### [Records provided]
= = =

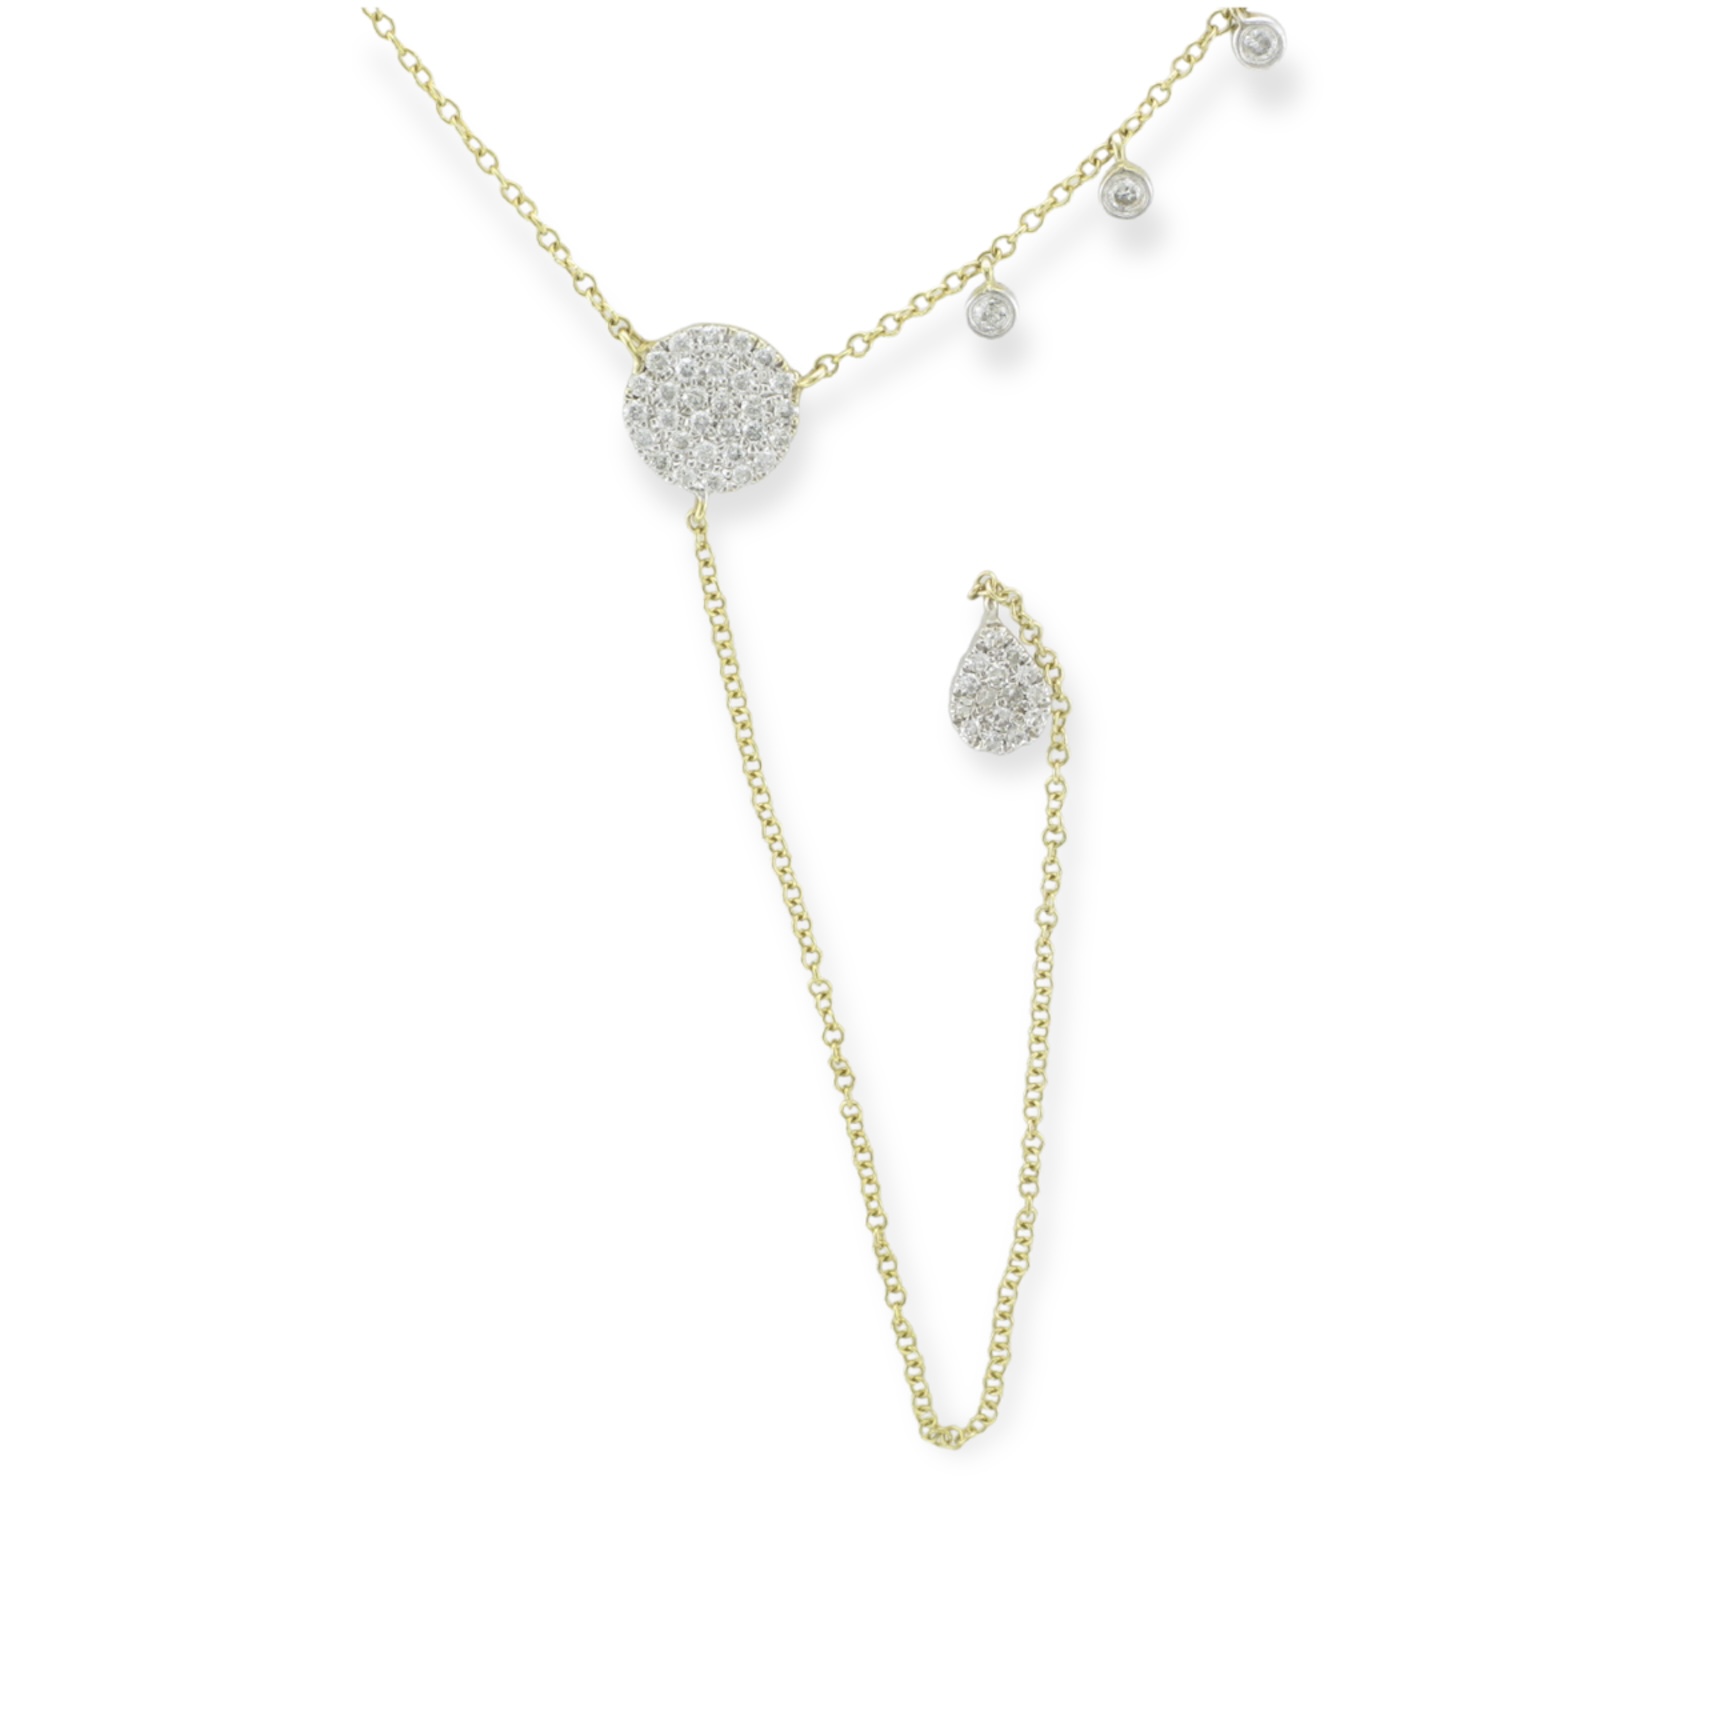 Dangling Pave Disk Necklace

= = =

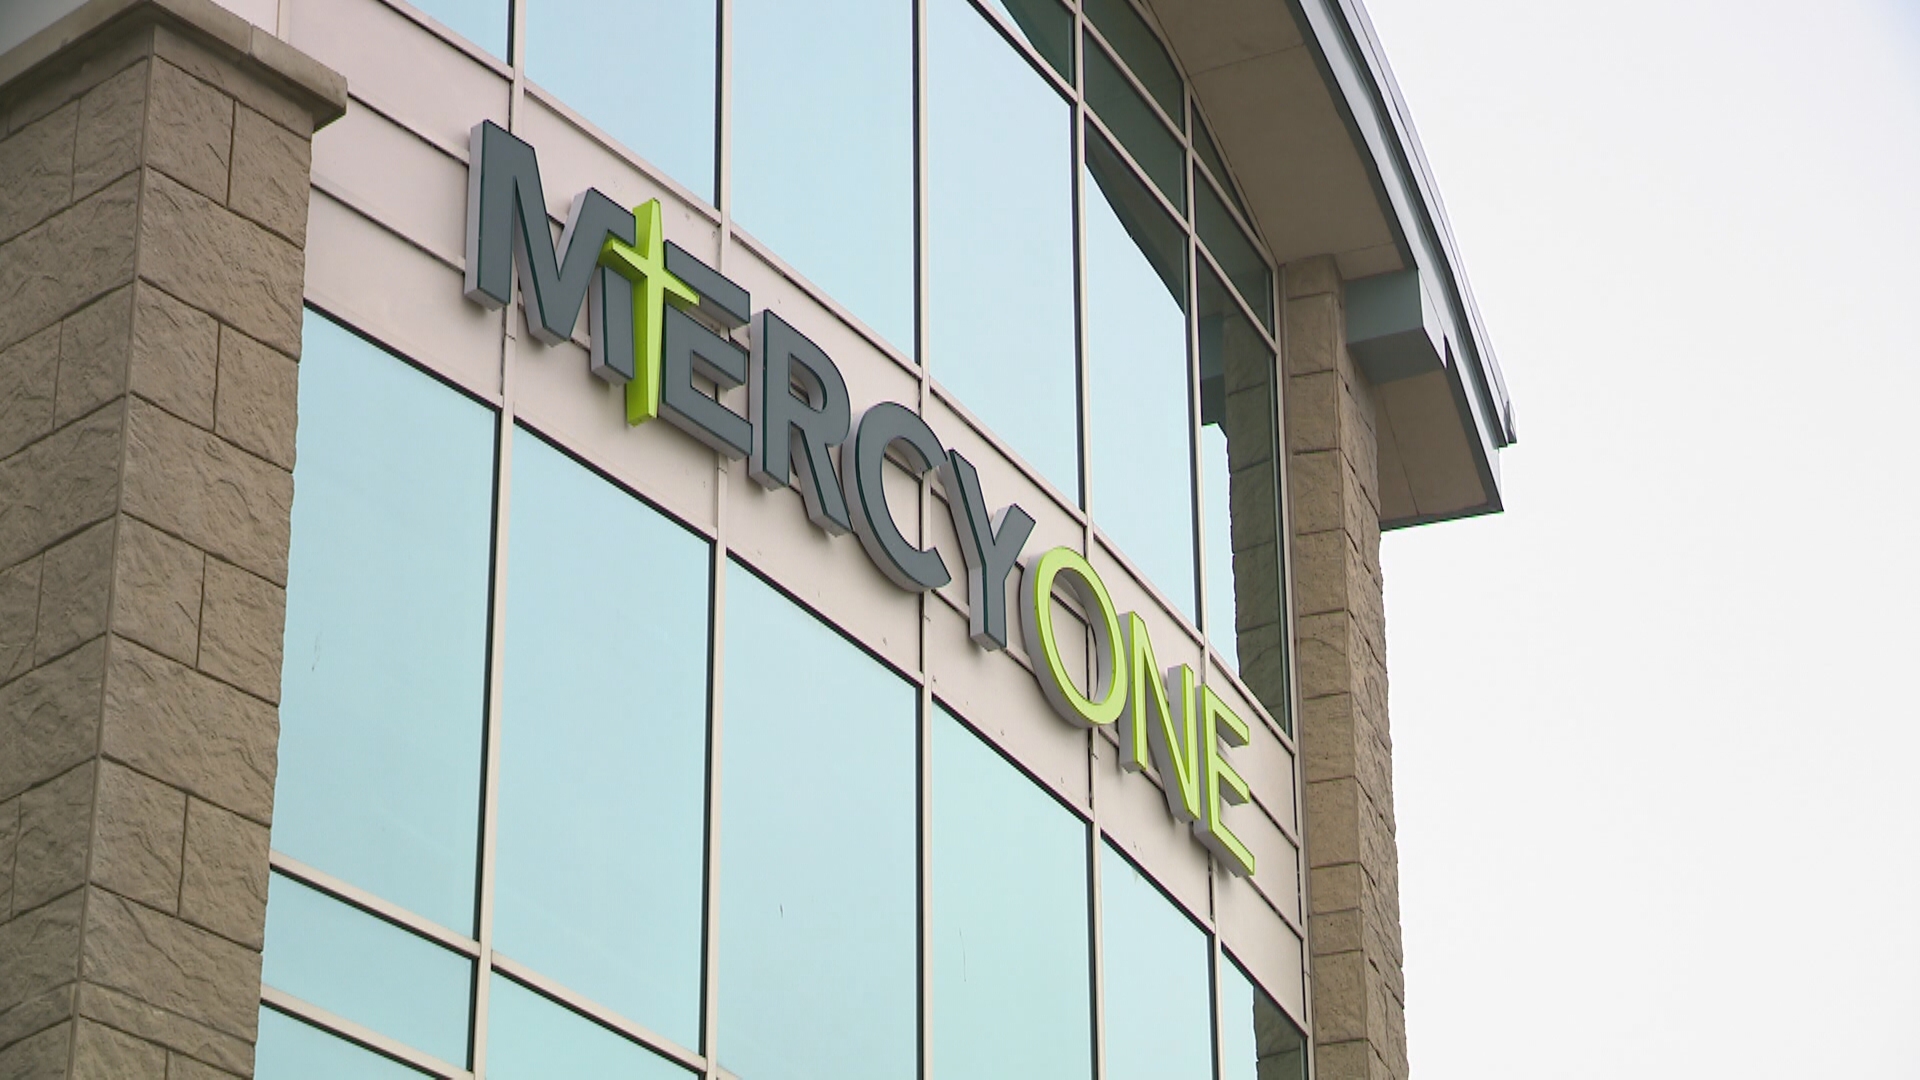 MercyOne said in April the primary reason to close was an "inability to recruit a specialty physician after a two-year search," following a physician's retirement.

= = =

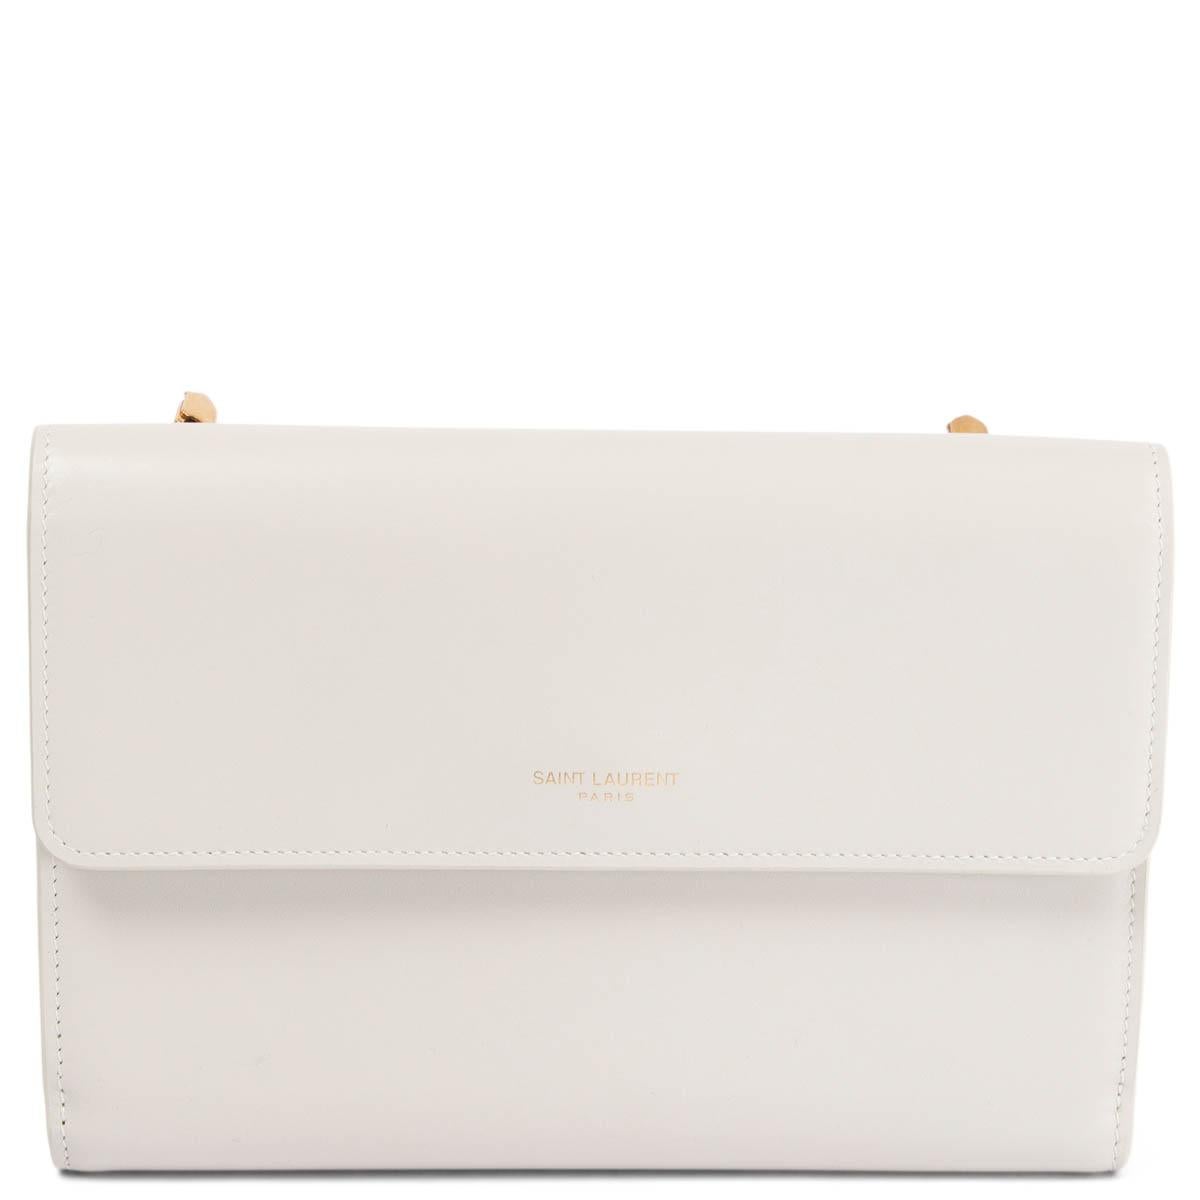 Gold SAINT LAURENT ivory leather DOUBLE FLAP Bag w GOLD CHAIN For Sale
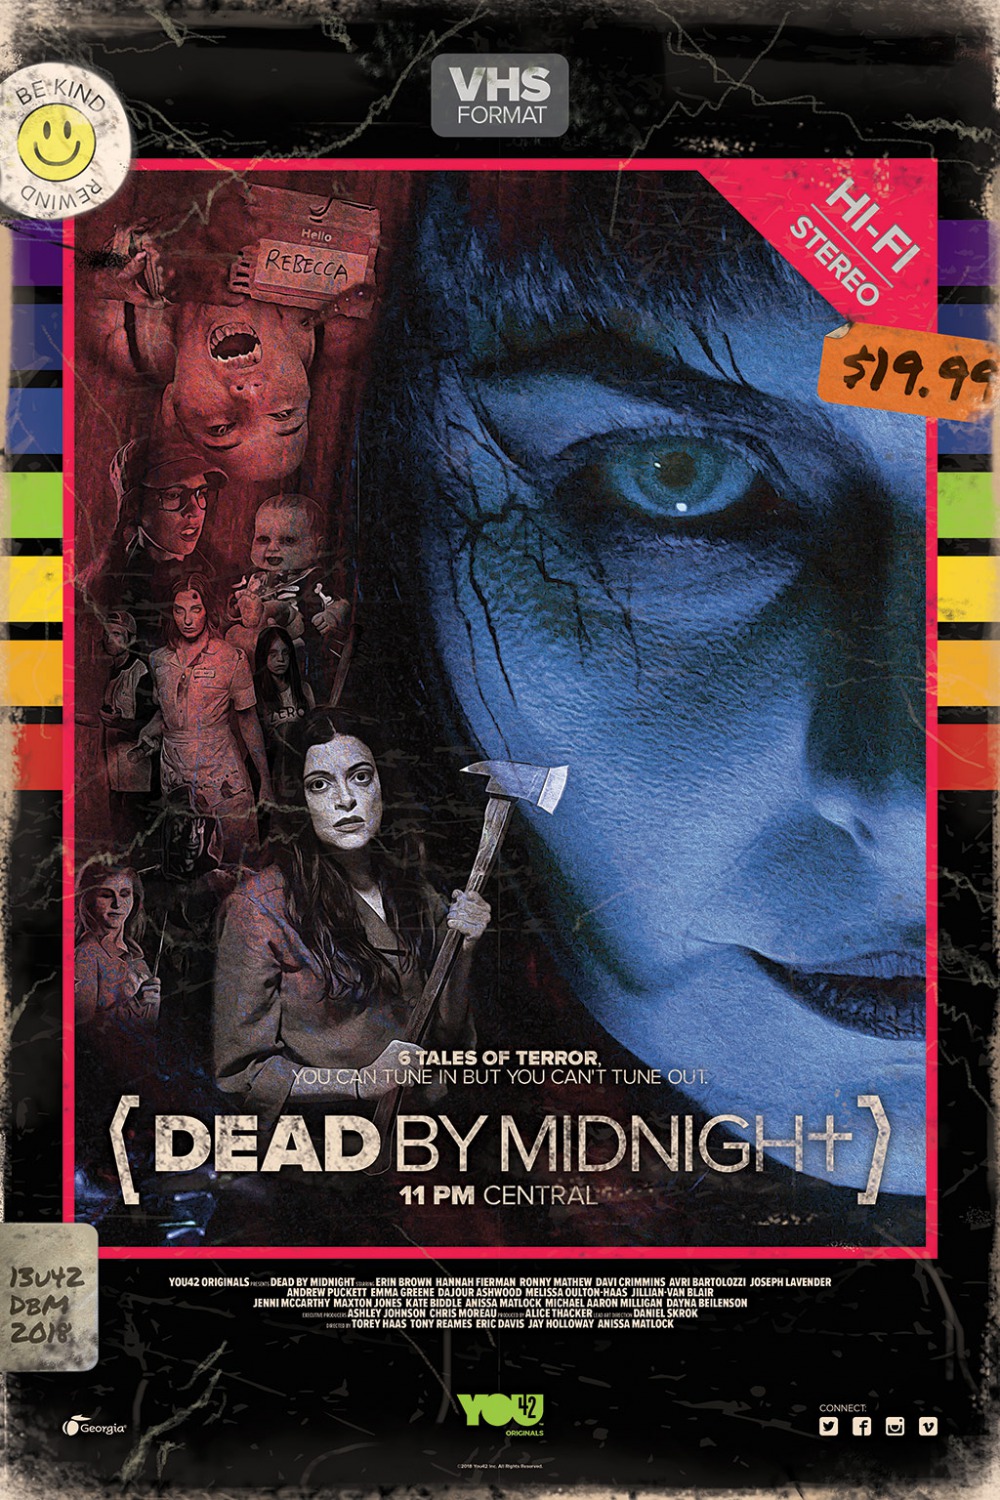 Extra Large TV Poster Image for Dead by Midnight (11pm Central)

= = =

### [Assigned task]
Your copy should hold the lines from the one with "Gold SAINT LAURENT" up to and including the one with "Extra Large TV", exactly as in the data above, and no pictures.

### [Task output]
 Gold SAINT LAURENT ivory leather DOUBLE FLAP Bag w GOLD CHAIN For Sale
 Extra Large TV Poster Image for Dead by Midnight (11pm Central)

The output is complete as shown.